Confidentiality agreements are becoming IP tools. Companies like Reddit are profiting precisely because they've negotiated explicit licensing deals, not relying on fair use exemptions.

The Licensing Pivot: Why Settlements Are Just Beginning

The biggest lawsuit development of 2025 was the $1.5 billion settlement in the Bartz v. Anthropic case—a case in which Anthropic faced a potentially massive statutory damages penalty for downloading millions of pirated copies of works it used for training.

But licensing is accelerating faster than litigation. Warner Music Group and Suno announced that the parties settled a lawsuit, with Suno launching an entirely new model in 2026 that consists of "more advanced and licensed models" while current models will be phased out.

This pattern reveals the 2026 playbook: litigation → settlement → licensing → profitability.

The key insight? The AI copyright issue around mass-scale data scraping will be effectively resolved through a combination of private settlements, licensing deals, and micropayments. This isn't about copyright anymore—it's about negotiating fair rates and building trust.
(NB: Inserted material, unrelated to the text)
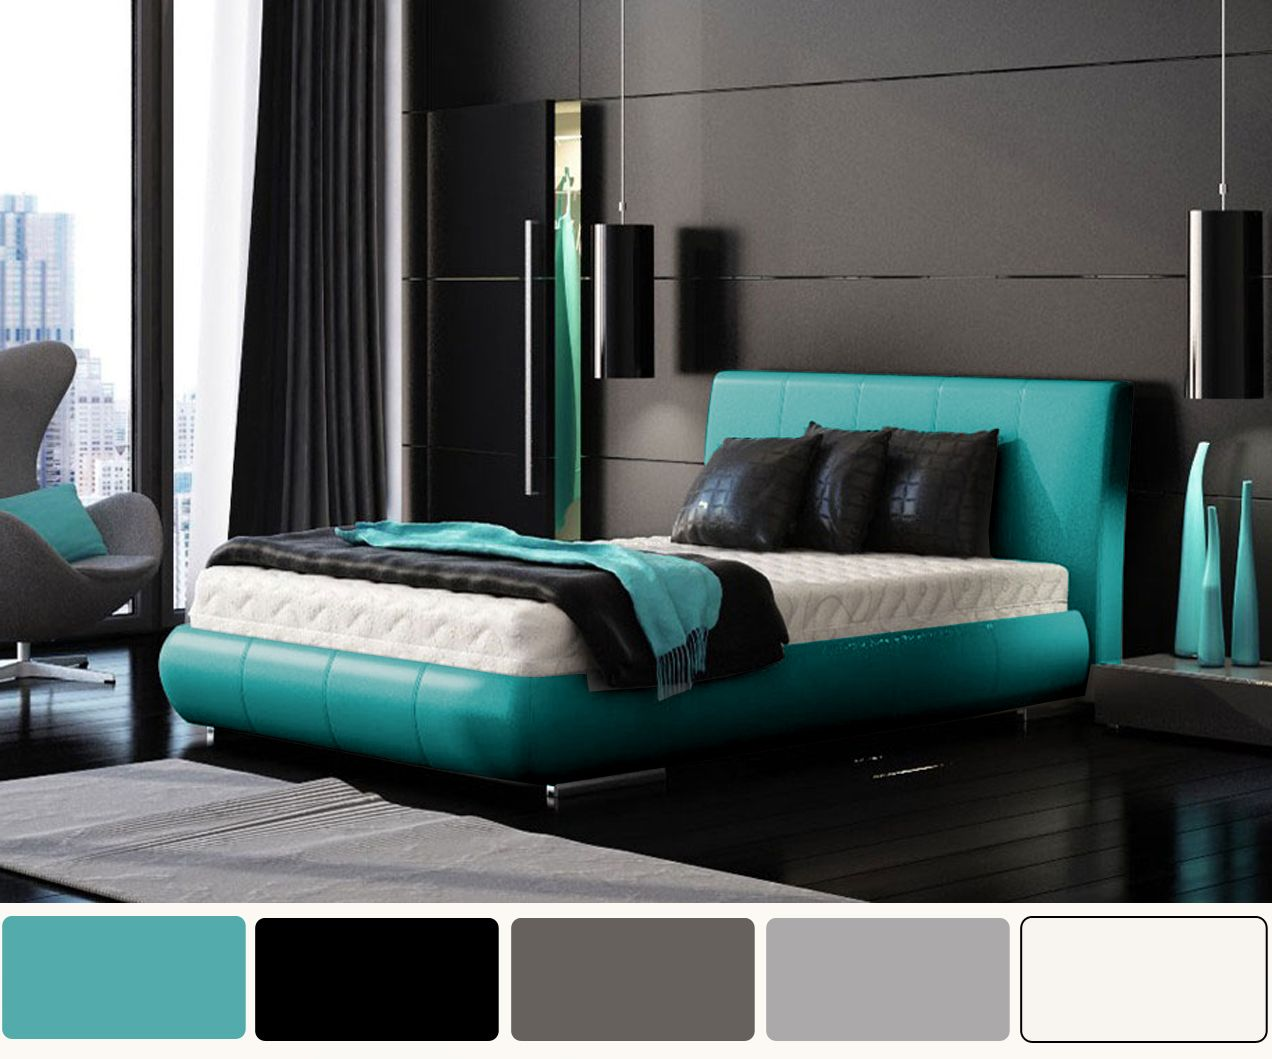 Aqua bedroom ideas black and turquoise bedroom ideas decors art decorating ideas

The Supreme Court's Authorship Ruling Changes the Game

One more critical piece: The US Supreme Court denied certiorari on March 2, 2026, thereby reaffirming human authorship as a foundational requirement of US copyright law, even in this era of rapid AI advancement.

This has implications beyond copyright. If you want IP protection, there must be a human in the process. Careful documentation of human contributions to the creative and inventive process is more critical than ever.
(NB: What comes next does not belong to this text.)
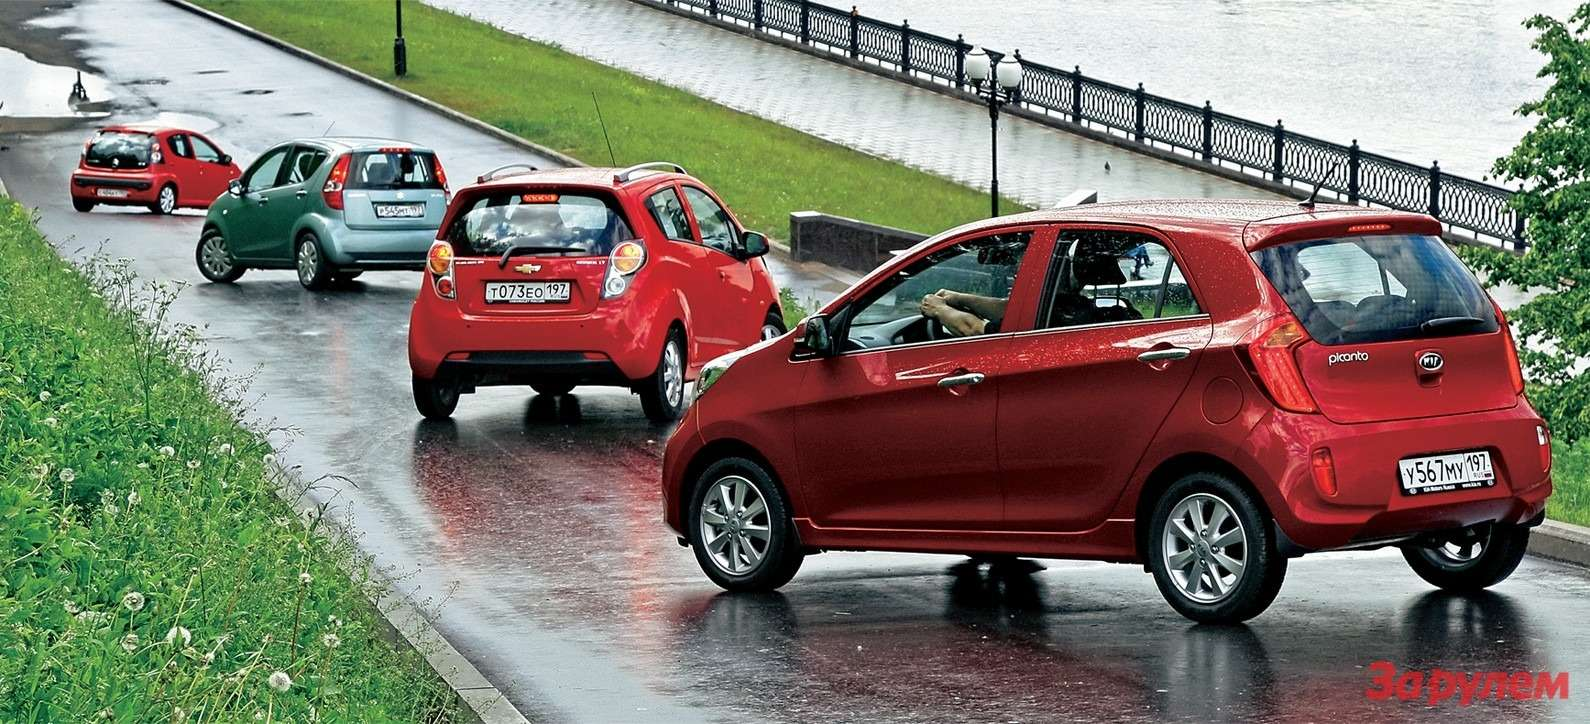 Citroen C1, Chevrolet Spark, Kia Picanto, Suzuki Splash

For builders of AI, this means: if your system generates copyrighted output, you have no copyright protection for that output. That shifts liability questions backward to the training stage, where data provenance becomes paramount.

What This Means for AI Companies in 2026

Build a documented data-provenance strategy. It is the time to professionalize your AI compliance program.

The companies winning in 2026 aren't betting on fair use. They're:

Licensing explicitly. The New York Times' deal with Amazon is reportedly worth $20 million to $25 million. Google's deal with Reddit covers use of Reddit's user-generated content for training its Gemini models.
Building transparency mechanisms. Figma's lawsuit has forced the industry to ask: what data are you using, where did it come from, and did you have permission?
Documenting human involvement. If a human provides significant creative input—such as editing, arranging, or selecting AI-generated elements—a work might be eligible for copyright protection. The extent of human involvement and the level of control exerted by human creators are crucial factors.

Key Takeaways

Copyright battles are shifting ground. Fair use is contested, but data provenance and confidentiality breaches are increasingly actionable. The Figma case signals courts are willing to hear non-copyright claims.
Settlements are setting rates, not resolving principles. There is no sign of training data licensing agreements between large rights owners and AI companies slowing down anytime soon. Expect more licensing deals than final court verdicts.
Trade secrets and confidentiality are the new liability vector. If you promised customers you wouldn't train on their data, that's a contract violation—no fair use exception applies.
Data provenance now outweighs fair use doctrine. Courts are likely to clarify how they distinguish 'transformative' training from substitutive uses, especially when models are general-purpose rather than direct competitors. But the easiest win for plaintiffs is proving you got the data illegally.
Human authorship requirements raise the stakes. Human-contributed AI-assisted works may be protectable, but Dr. Thaler explicitly disclaimed any human creative input, so the court did not address how much human involvement is necessary. AI builders must document human contributions or lose IP protection entirely.